Every entry here needs to be repeated exactly.

EXERCISE DATA ▸
----------

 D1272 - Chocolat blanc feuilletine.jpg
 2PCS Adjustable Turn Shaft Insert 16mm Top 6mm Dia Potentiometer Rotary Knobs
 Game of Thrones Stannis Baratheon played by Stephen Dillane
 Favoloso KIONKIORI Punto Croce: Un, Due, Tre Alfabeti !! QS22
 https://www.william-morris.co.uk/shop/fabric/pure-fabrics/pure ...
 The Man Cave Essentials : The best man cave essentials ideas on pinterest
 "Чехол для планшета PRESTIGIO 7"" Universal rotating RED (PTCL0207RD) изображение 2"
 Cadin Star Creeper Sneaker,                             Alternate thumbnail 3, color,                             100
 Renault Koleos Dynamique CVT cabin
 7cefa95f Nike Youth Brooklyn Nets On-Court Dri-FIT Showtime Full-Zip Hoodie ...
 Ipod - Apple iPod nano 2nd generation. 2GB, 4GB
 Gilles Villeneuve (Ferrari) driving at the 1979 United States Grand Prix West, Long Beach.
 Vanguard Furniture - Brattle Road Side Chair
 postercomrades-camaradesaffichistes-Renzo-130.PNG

----------

EXERCISE RESULT ▸
 D1272 - Chocolat blanc feuilletine.jpg
 2PCS Adjustable Turn Shaft Insert 16mm Top 6mm Dia Potentiometer Rotary Knobs
 Game of Thrones Stannis Baratheon played by Stephen Dillane
 Favoloso KIONKIORI Punto Croce: Un, Due, Tre Alfabeti !! QS22
 https://www.william-morris.co.uk/shop/fabric/pure-fabrics/pure ...
 The Man Cave Essentials : The best man cave essentials ideas on pinterest
 "Чехол для планшета PRESTIGIO 7"" Universal rotating RED (PTCL0207RD) изображение 2"
 Cadin Star Creeper Sneaker,                             Alternate thumbnail 3, color,                             100
 Renault Koleos Dynamique CVT cabin
 7cefa95f Nike Youth Brooklyn Nets On-Court Dri-FIT Showtime Full-Zip Hoodie ...
 Ipod - Apple iPod nano 2nd generation. 2GB, 4GB
 Gilles Villeneuve (Ferrari) driving at the 1979 United States Grand Prix West, Long Beach.
 Vanguard Furniture - Brattle Road Side Chair
 postercomrades-camaradesaffichistes-Renzo-130.PNG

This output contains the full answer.